I’ve been after that golden goose of auto-imported transactions from my US banks into a selfhosted financial manager for some time now. Plaid doesn’t work with some of my banks, and comes with a slew of privacy compromises anyway. I’m looking to import transactions into firefly iii (or actualbudget) by scraping information from bank alert emails about my transactions. I wanted to write about it here in case someone had experience doing so or any tips-- or if this is a silly venture.
My plan is to set alerts for all transactions across my banks, and direct them all to a single email address. Then I’ll write a python script that checks the inbox every 5mins or so, and if it detects a new email, it will parse it according to some code I write and extract the amount and the payee, and then attempt to import it into (in this case, ActualBudget) using the importTransactions
API call.
It’s going to be a bit of a pain in the ass to set this up as I see it (I’m also a bit of a beginner, but think I can make it work) and I just want to see if anyone else has tried this. Thanks!
I know that banks in Europe are bound by law to follow PSD2, which is a set of guidelines to propose APIs. I found a stackoverflow post to generate the required certificates for that but those are only supposed to be for testing purposes https://stackoverflow.com/questions/50045376/how-to-create-eidas-certificate-with-qwac-and-qsealc-profiles-psd2-specific-att
You can use the PSD2 api to fetch the transactions from your account directly, that would be a lot less troublesome. There is also the woob (formerly weboob) project that has web scraping for a lot of banks (specifically french but also some American ones like amex)

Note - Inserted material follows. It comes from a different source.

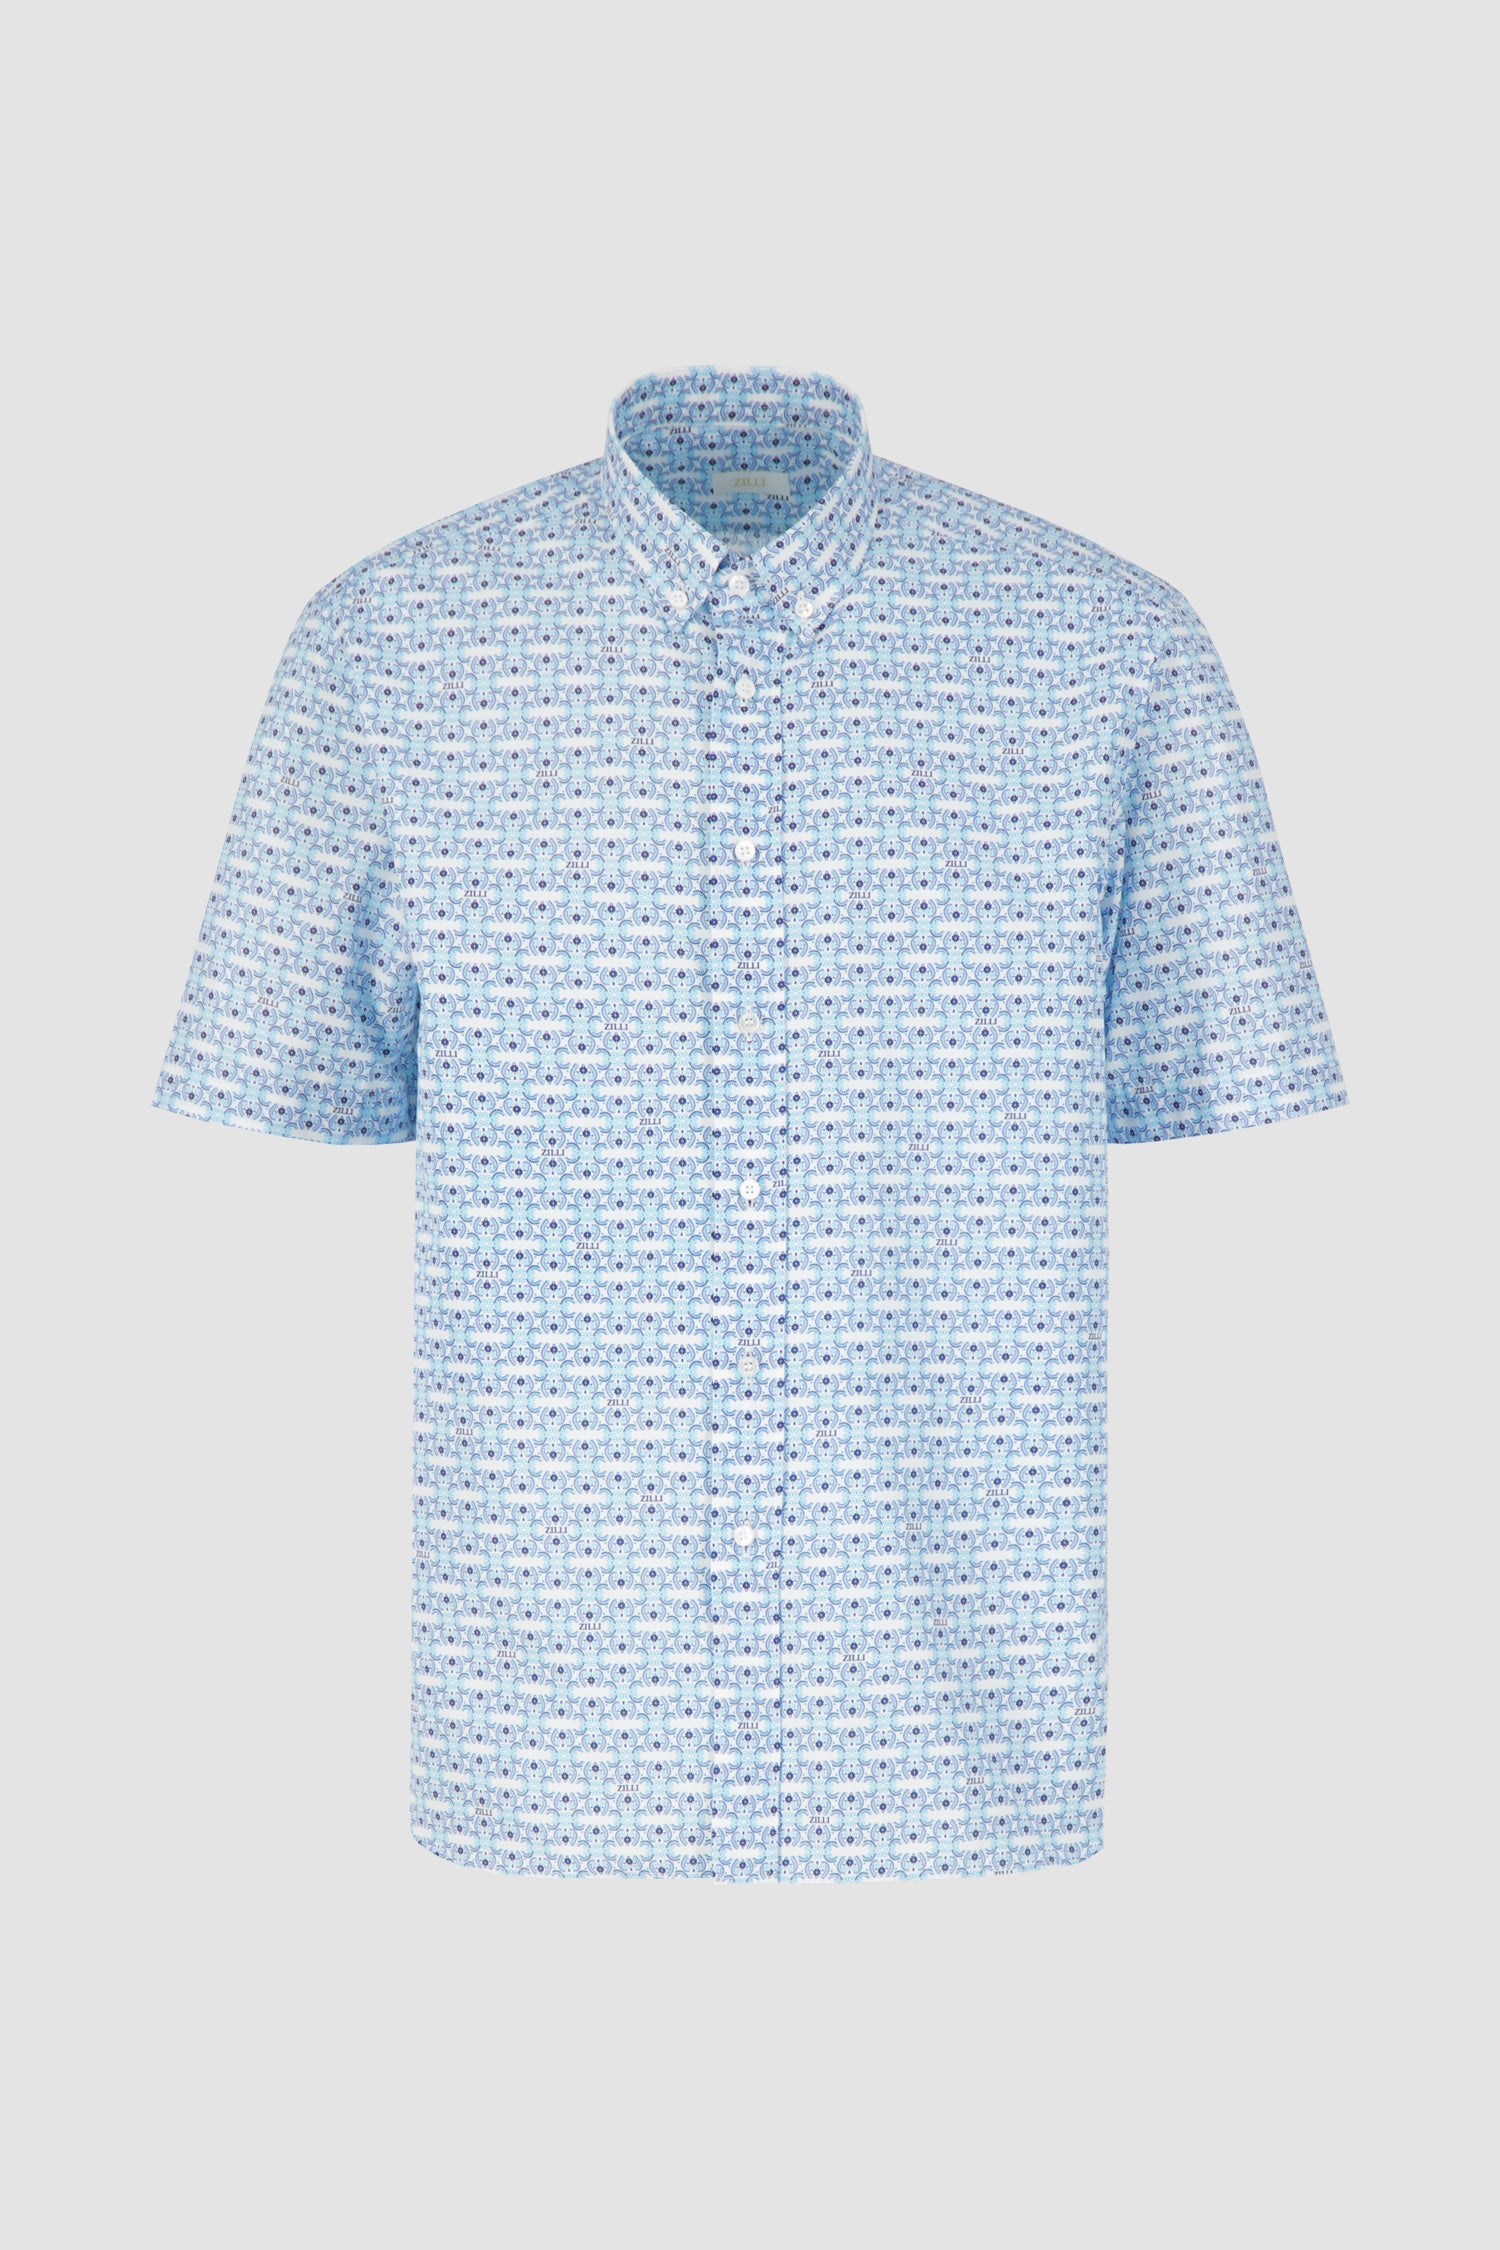 Zilli Blue/White Short Sleeve Shirt

I’ve been after something like this as well. My bank only provides statements in PDF format which is pretty irritating. I’ve seen this library recommended for extracting tables from PDFs if you are dealing with that issue. I’m not sure if there is a great way to automatically download the statements though.
https://py-pdf-parser.readthedocs.io/en/latest/overview.html
I just went the parsing CSV route, but it’s only semi-automated. Still a lot better than manually entering everything. Annoyingly, every bank uses a different damn format so you need specific config for all of them.